A Fragility Index calculator is available at http://www.fragilityindex.com/
Say you’ve studied 100 people on new treatment vs 100 on the old treatment
Intervention mortality was 7 whilst control mortality was 20
Using the above calculator we find we’d only need 3 events to change for our trial to no longer be significant
More on fragility index can be found at https://lifeinthefastlane.com/ccc/fragility-index
Bias is any tendency which prevents unprejudiced consideration of a question. Evidence based medicine (EBM) arose in the early 1980s as a way of making Medicine more data-driven and literature based. It is important to consider bias throughout the research process; before, during and after the trial. While random error decreases as our sample increases bias is independent of both sample size and statistical significance.
Pre-trial bias is created by errors in our study design and the recruitment of patients. Think about how standardised the measurements are – if there is an interview or questionnaire is everyone on your research team going to use it in the same way? Blinding is not always possible – in surgical studies for example – so you could have different people assessing the outcome than those who assessed the exposure. Different parts of the team can be blinded. Selection bias is particularly risky in case-control and retrospective cohort studies where the outcome is already known as the criteria for inclusion in different groups might be radically different. Prospective studies, especially randomised-control trials, are less prone to selection bias. Channelling bias can be seen when a subject’s health or prognostic factors dictates the cohort they are placed in. We might see this in a surgical study when younger, healthier patients are placed in the surgery cohort while older, less healthy patients aren’t.

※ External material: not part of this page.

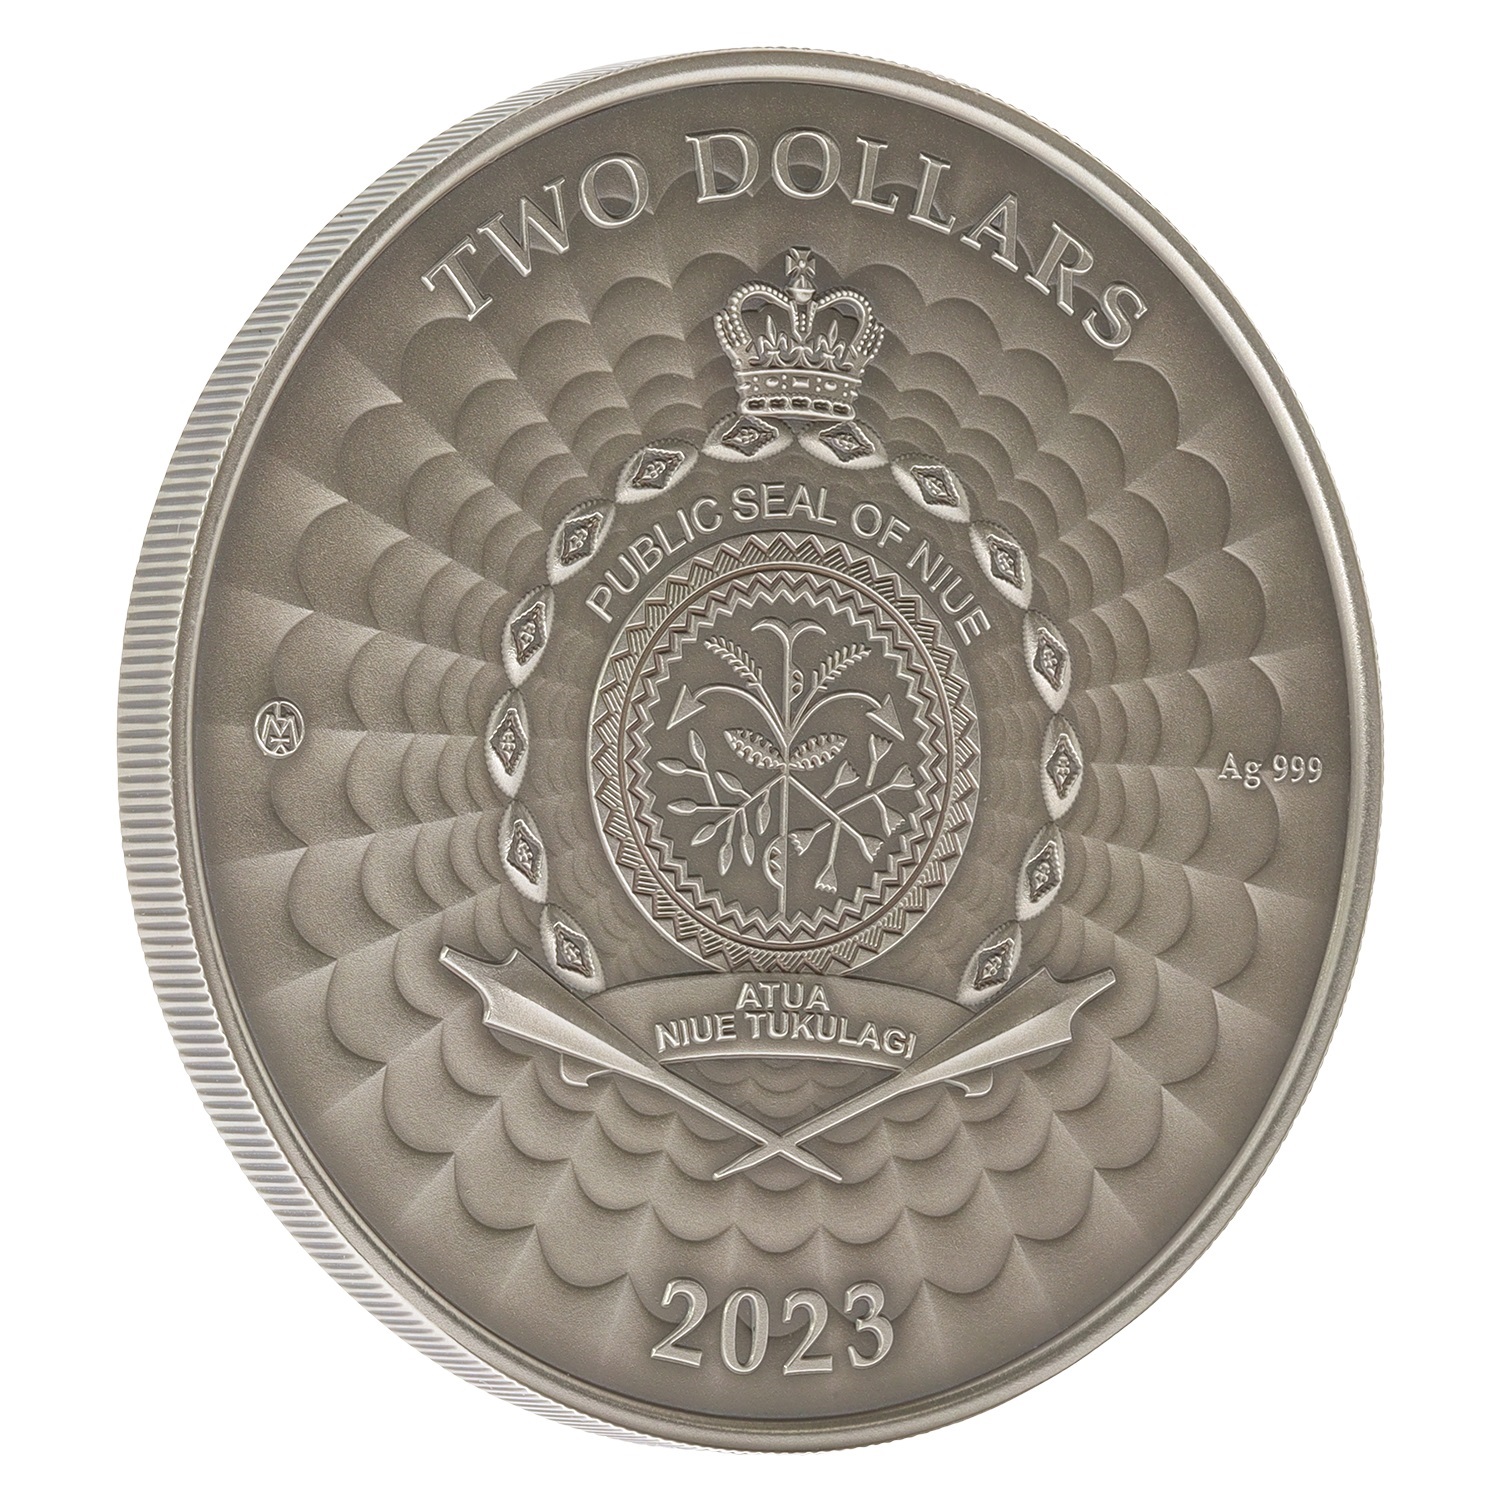 (W160.2.D.2023.15221677) Niue 2 Dollars Yeti 2023 - Antique silver Obverse (zoom)
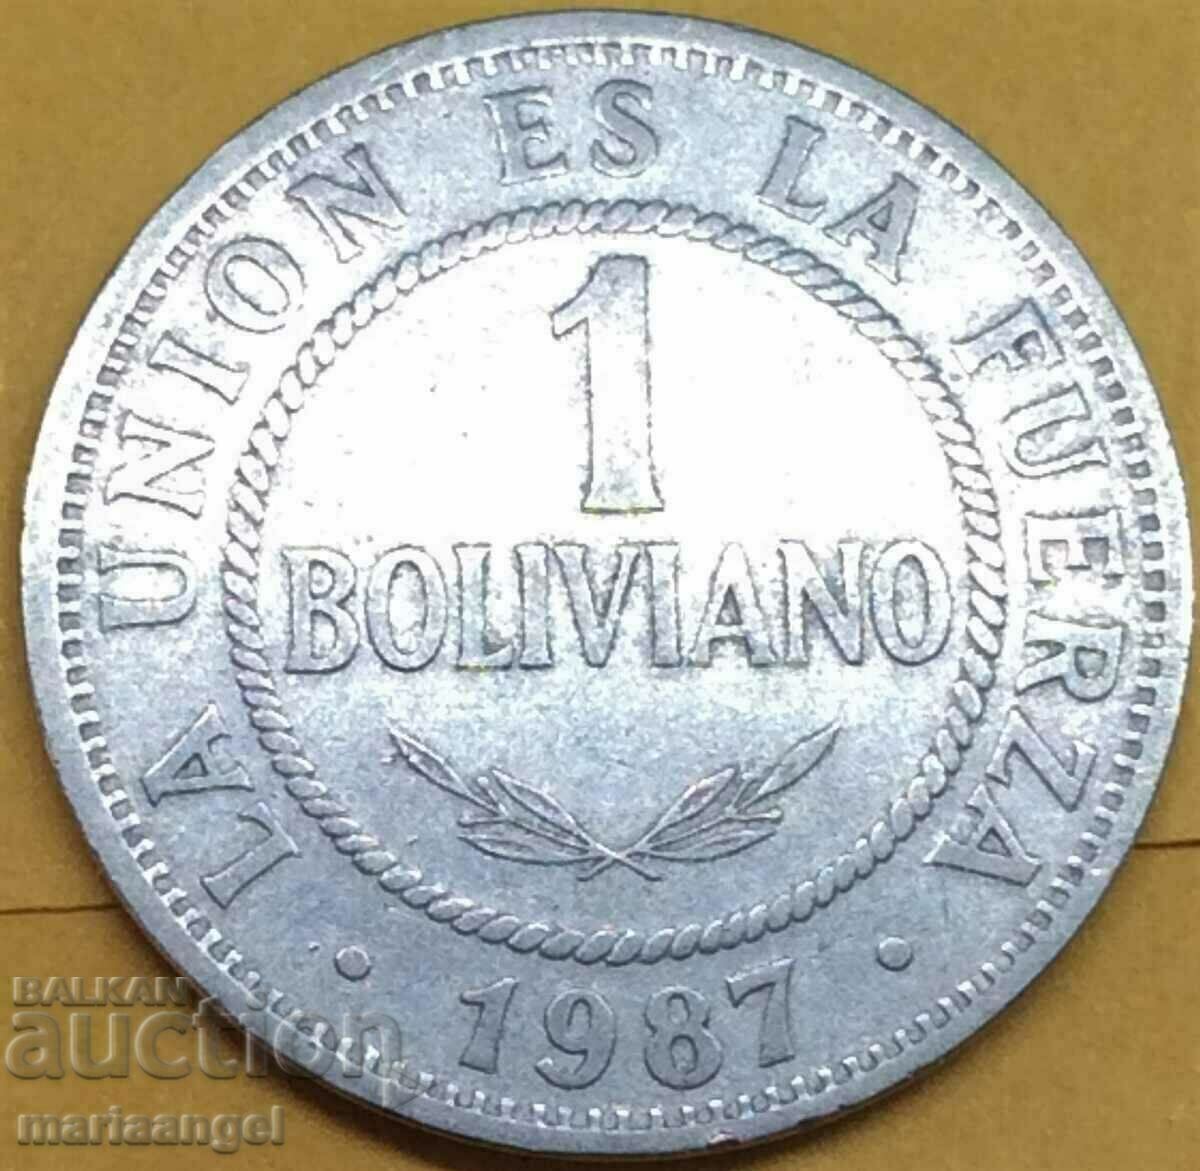 Bolivia 1 Boliviano 1987 27mm

Information bias is a blanket term for bias occurring in the measurement of an exposure or outcome and can occur throughout the data collection process. Data collection can change depending on who is collecting it (interviewer bias). Historic controls could be used (chronology bias) or there could be problems recalling information or memory may cloud recollection (recall bias). Patients can be lost to follow-up and so lost from the study. These individuals may be fundamentally different to those retained in the study (transfer bias). There may be problems defining the exposure or properly identifying the outcome (misclassification of exposure/outcome). If a process (say surgery) has a lot of variation technically or in terms of seniority/experience this may affect the outcome (performance bias).
Bias after a trial is concluded occurs during data analysis or publication. There’s the desire to only publish positive or favourable outcomes (citation bias). There could be a third factor, often associated with our outcome of interest and the exposure, which affects the observed association. This is called confounding. Say you studied coffee drinking and lung cancer and found that those who drank more coffee had higher rates of lung cancer. A confounding variable would be smoking (people having a cigarette with their coffee). You’d have to appreciate this when you design your trial.